Hükümet programındaki şu cümleye bakın: "Ulusal ve uluslararası yatırımcıların Türkiye'yi bir yatırım yeri olarak tercih etmesinde; yatırımların, ekonomik büyümenin ve böylece istihdamın artmasında önemli bir rol oynayan AB hedefi, ekonomimizin geleceğini güçlü bir çerçeveye oturtmaktadır." Açalım:1) Kapitalistler Türkiye'yi tercih etmektedirler.

2) Yatırımlar artınca ekonomik büyüme, büyüme gerçekleşince de istihdam artar.

3) Bunların gerçekleşmesini büyük ölçüde AB hedefi sağlamıştır.

4) Ekonominin geleceği güçlü bir çerçeveye oturtulmuştur.

Yukardakilerin tamamına karşı olmamız gerekir, çünkü hepsinin dayandığı varsayımlar, siyasi tercihler solculuğun, sosyalistliğin zıttı-dır. Sermayedarların yatırım tercihi özgürlüğü, emekçilerin hayatlarının ipotek altına alınmış olması demektir. Bugün burayı, yarın Zam-bia'yı tercih edebilir sermaye. Kimsenin gözünün yaşına bakmaz. Yeter ki, yeterince kârlılık sağlanmış olsun. AKP, programında, açıkça, bırakın uluslararası sermayeyi, ulusal sermayeyi bile Türkiye'de yatırım yapmaya zorlayacak güçten aciz olduğunu deklare etmektedir. Faiz oranlarının yüksek tutulmasından, memleketin bir vergisizlik cenneti haline dönüştürülmesine kadar bir sürü akrobasi ile sermayenin aşırı kârlılığı, yani emeğin aşırı sömürüsü garanti altına alınmıştır.

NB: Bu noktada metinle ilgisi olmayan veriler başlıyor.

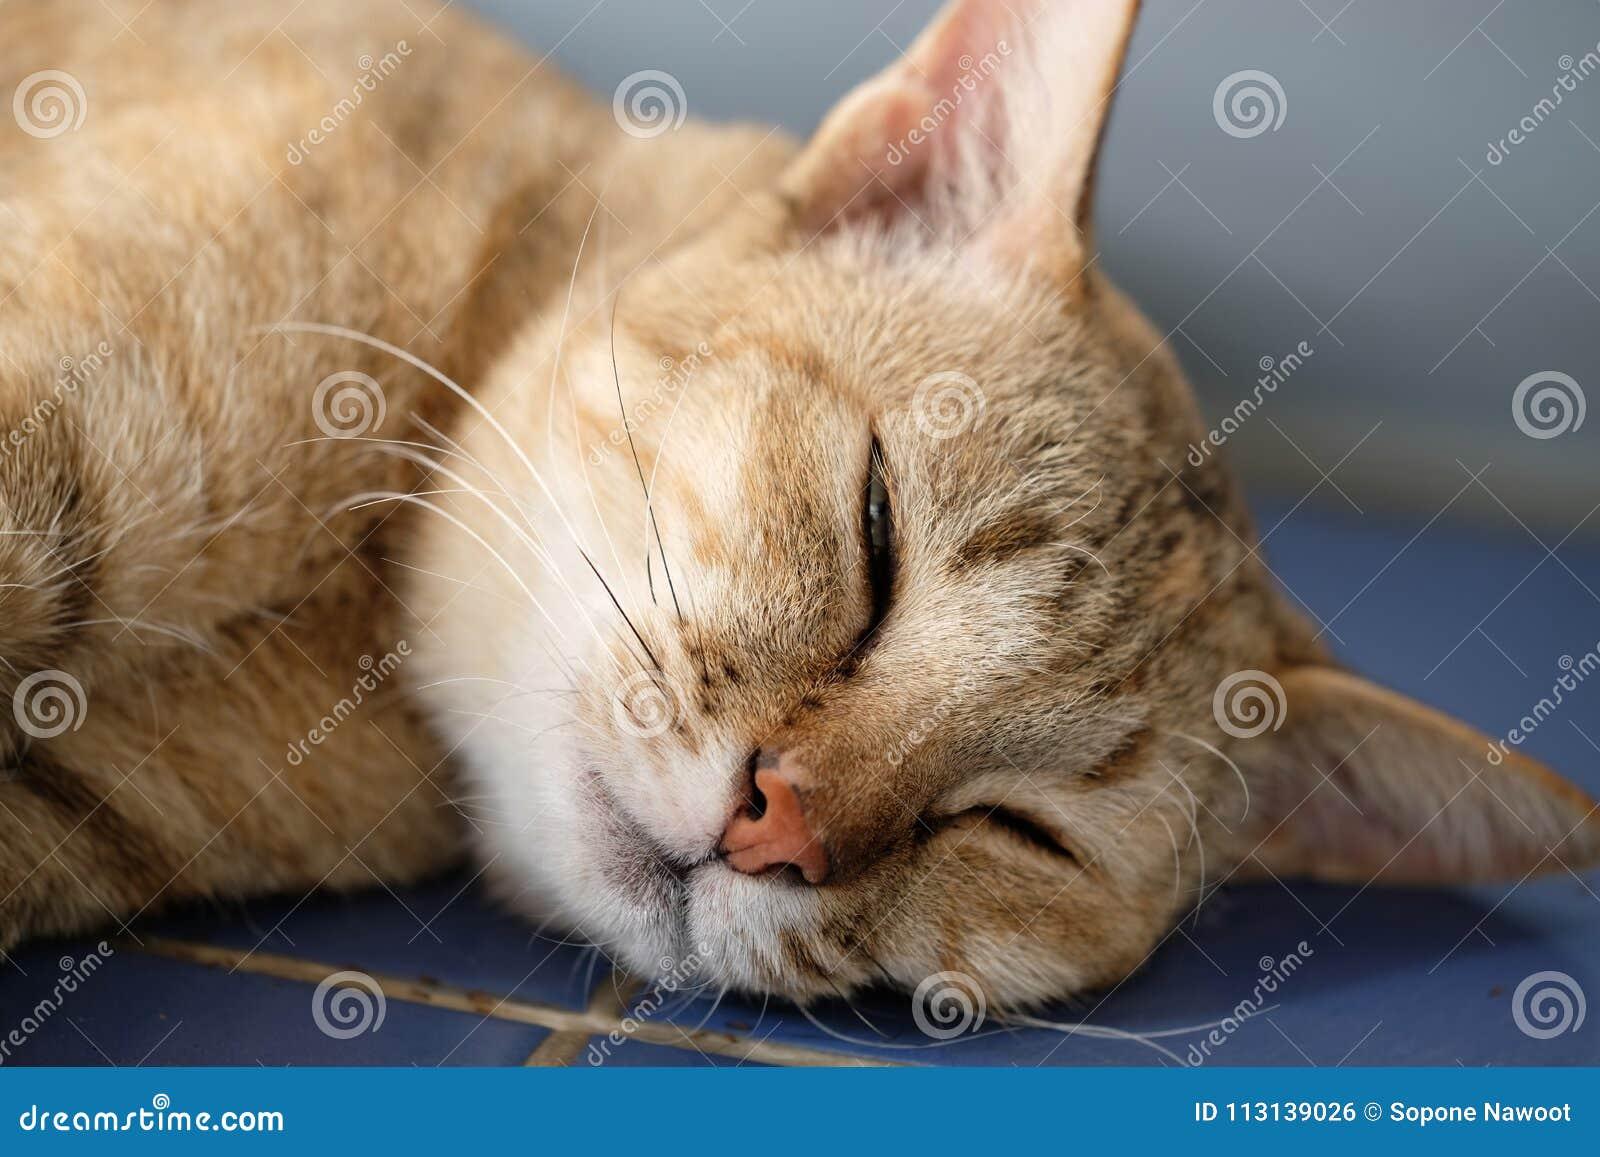 Ceramica antica faenza piastrella riccardo gatti con cornice eur

Çoğunluğun kaderi tamamen küreselleşmenin mantığına ve dinamiklerine bırakılmıştır. Bir de ipsiz sapsız bir parmak bal çalma: küreselleşmenin kod adı "AB hedefi" ile, o soyut ekonomi umacısının güçlü çerçeveye oturtulması. Ne demekse?

İktisatla biraz haşır neşir olanlar, ne yatırım artmasının otomatik olarak büyüme, ne de büyümenin otomatik olarak istihdam artması demek olmadığını bilir (konuyla ilgilenenlere İletişim Yayınları'ndan çıkan Korkut Boratav'a Armağan-İktisat Üzerine Yazılar-I'deki yazımızı öneririz). Gerçekçi olalım; aslında Merrill Lynch eğitimli bir komisyoncu olan bu hükümetin ekonomi prensinden reel ekonominin belirleyenleri üzerine anlamlı bir şeyler beklemek safdilliktir. Komisyoncuların esas derdi, bilgisayar ekranlarındaki indi-bindileri izleyerek, başkalarının paralarını sağdan sola kaydırmaktır. Ekonominin yönetimi fon menajerlerine terk edilmiştir; kalitesizliğe alışmamız gerekiyor. Sonumuz hayırlı olsun.